Peanut Butter Ice Cream Cake
Preheat oven at 180℃

One  8” cake tin
1.5 L Peanut Butter ice cream or any flavor
Method:
1. Line the tin with plastic over hanging from all sides.
(This will able to remove the ice cream from the cake tin)
2. Transfer the ice cream into prepared cake tin and smoothen it according to the shape of the cake tin.
3. Keep in the freeze at least for 6 hours or more.

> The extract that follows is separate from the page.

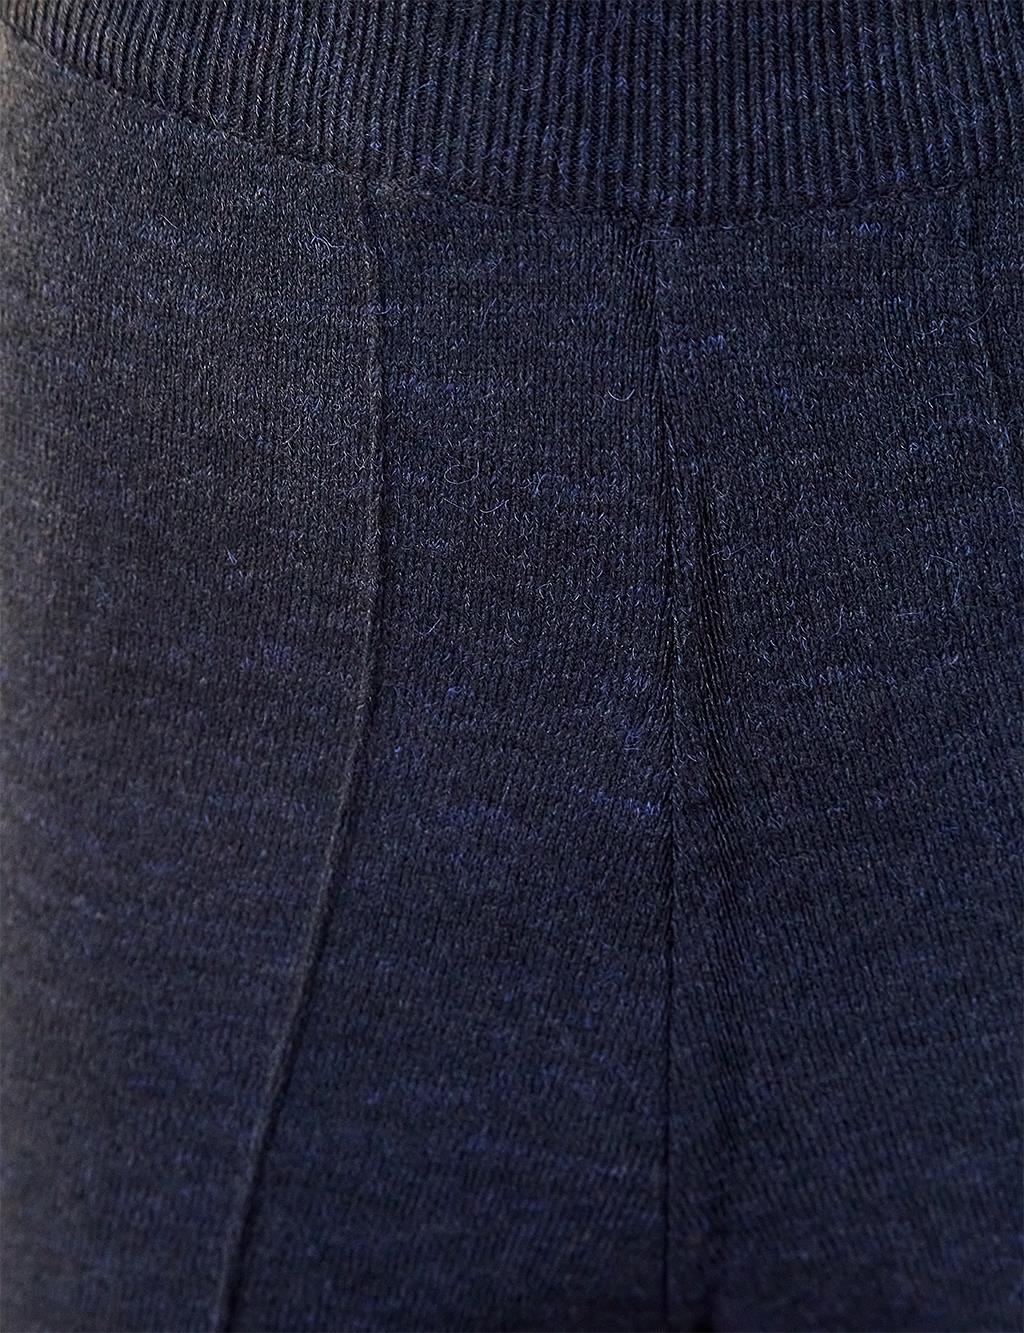 Wide Leg Knitwear Trousers Navy Blue

Cake Base (Sponge Cake) 1 Line 10” size cake tin
Ingredients (If you wish to do vanilla flavor please omit the cocoa powder. Flour will be 150g)
(A)
7 (L) eggs (whole egg)
80g caster sugar
(B)
70 ml milk
1tsp vanilla extract
(C)
130 g super fine flour + 20g cocoa powder (shift) (mix well)
(D)
75 ml corn oil
Topping (Meringue)
5 (L) egg whites
70g caster sugar
1 tsp. vanilla extract

Method for Cake
1. Beat (A) till light and creamy from speed 8 for 3 second then speed 6 till creamy.
2. Still at speed 6 slowly add in (B).
3. Remove bowl from mixer. Gently fold in (c) & (d) alternate till all well mix.
4. Pour into prepared cake tin and bake for 25 minutes or when touch it spring up.
5. Remove the cake to cool.
To assembly the cake
1. Cut the sponge cake according to 8” size of ice cream.
2. Remove the ice cream from the cake tin and stake on top of the cake.
3. Freeze for another 2-3hours.
Method for meringue
1. Put all egg whites in the mixer bowl and gradually increase the speed to 10 for 2 second and reduce to speed 8 and 6. Slowly add in the sugar and vanilla extract. Beat till light & fluffy. But not stiff.
To spread topping
Remove the cake from freeze. Spread the meringue all over the cake. Use the brulees torches to caramelize the meringue.